TL;DR

19 measurements using the Quolity Chrome extension, 7 prompts. On branded queries, ChatGPT cites my site every time. On generic queries, never. What ChatGPT says about my site when it does cite me is both useful and sobering.

The Results of My First AI Citation Measurement

Expert Take — Hans Schepers
I expected a gradual picture: some visibility on branded queries, some on generic ones, and growth over time. What I found is a sharp contrast. Every query containing my brand name: cited. Every query without it: nothing. That is not a gradual difference — it is zero versus a hundred percent.

How I measure

Quolity is a free Chrome extension that exports ChatGPT’s query fan-out — the internal search queries the model generates before producing an answer — along with all retrieved sources and the final citations. I ran three independent runs per prompt, at different times, to separate coincidence from pattern.

My seven prompts fall into two groups. Branded prompts include my name: “Is Hands on GEO a reliable source on GEO?” and “What does Hands on GEO write about AI visibility?” Generic prompts do not: questions about the best GEO resources, GEO experts in the Netherlands, and a comparison of GEO sources for marketers.

What the data shows

Branded prompts: cited 6 out of 6 times. Both branded prompts — 3 runs each — produce the same result: my site appears in the retrieved sources and in the final citations every time. ChatGPT needs few sub-queries for these questions — an average of 4 to 8 — because it already has a target: searching for my site.

Generic prompts: cited 0 out of 12 times. Across all generic prompts — 12 runs — my site does not appear as a URL citation once. Source pools are much larger here (averaging 45 to 88 sources per run) and fan-outs are nearly twice as large. My brand name does appear occasionally as a text mention without a clickable source. That is a different signal: the model knows my brand exists, but does not yet trust my pages as a primary source.

What ChatGPT says when it does cite me. This was the most useful part of the data. In the export of “Is Hands on GEO a reliable source?”, the citation context reads: “a serious and credible practitioner source” and “useful, often sharp” — but also “not necessarily a neutral or academic authority” and “not suitable as the sole source for hard claims.” That is an honest picture. The missing layer is external validation: what others say about me, not what I publish myself.
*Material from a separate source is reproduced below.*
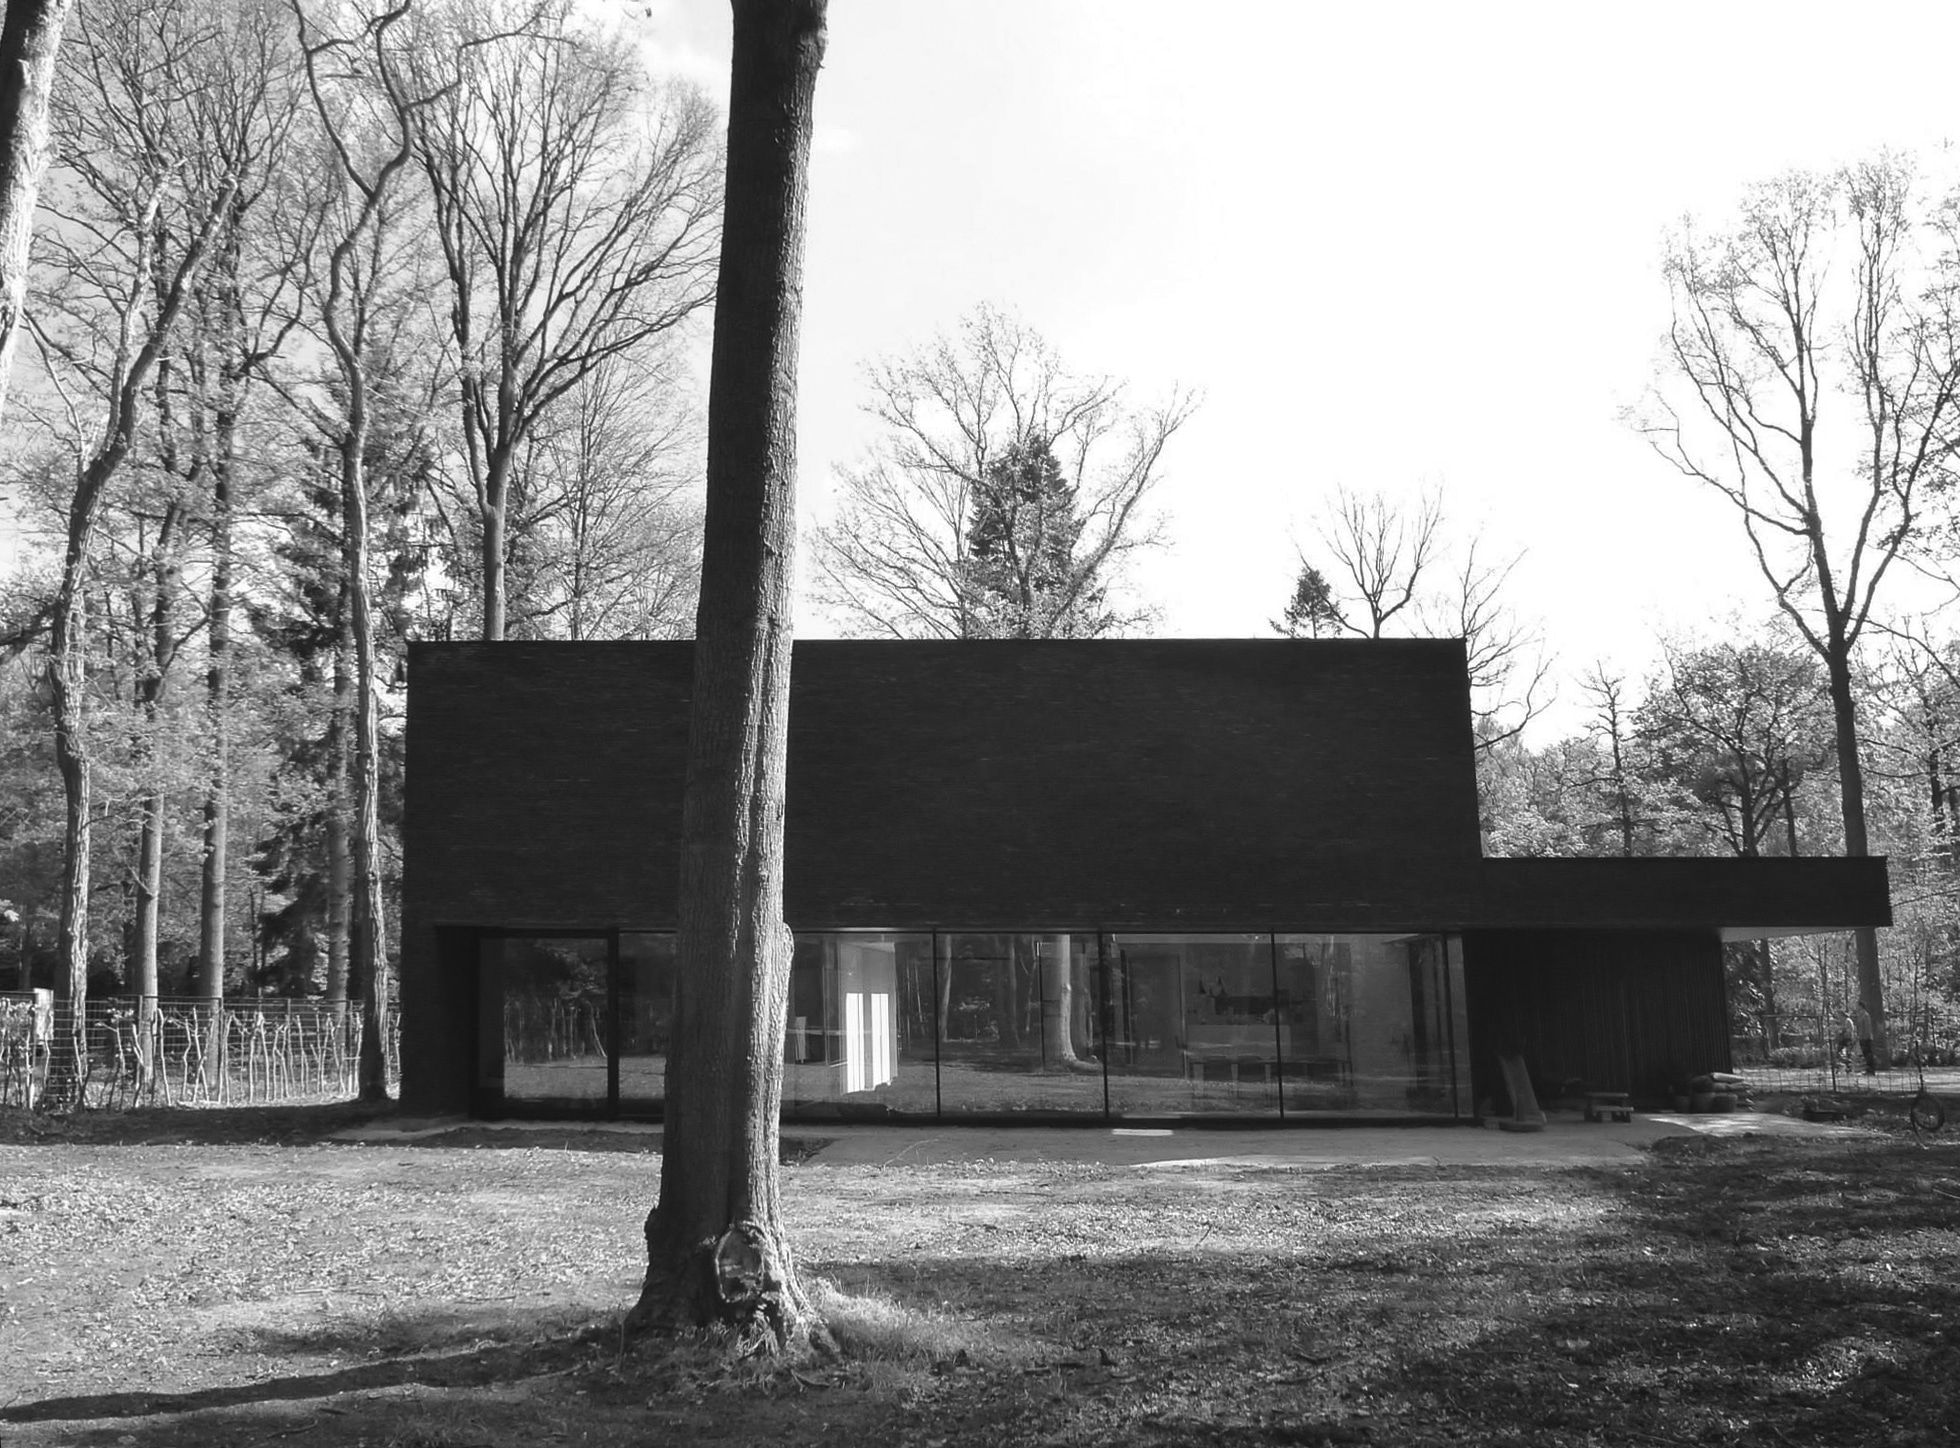 10329910 628031147274763 5418590514007092179 o | Baeyens & Beck architecten Gent | architect nieuwbouw renovatie interieur | high end | architectenbureau

Who appears for “experts in the Netherlands”? Sebastiaan Laan appears in five of the six expert runs. Chantal Smink, Julian Smits, Ryan IP, Stijn Bergmans and Jafar Kaboli also appear, with varying frequency. My name is not there. That does not surprise me: I have not published any external articles, given interviews, or spoken at conferences. All those other names are visible through exactly those channels.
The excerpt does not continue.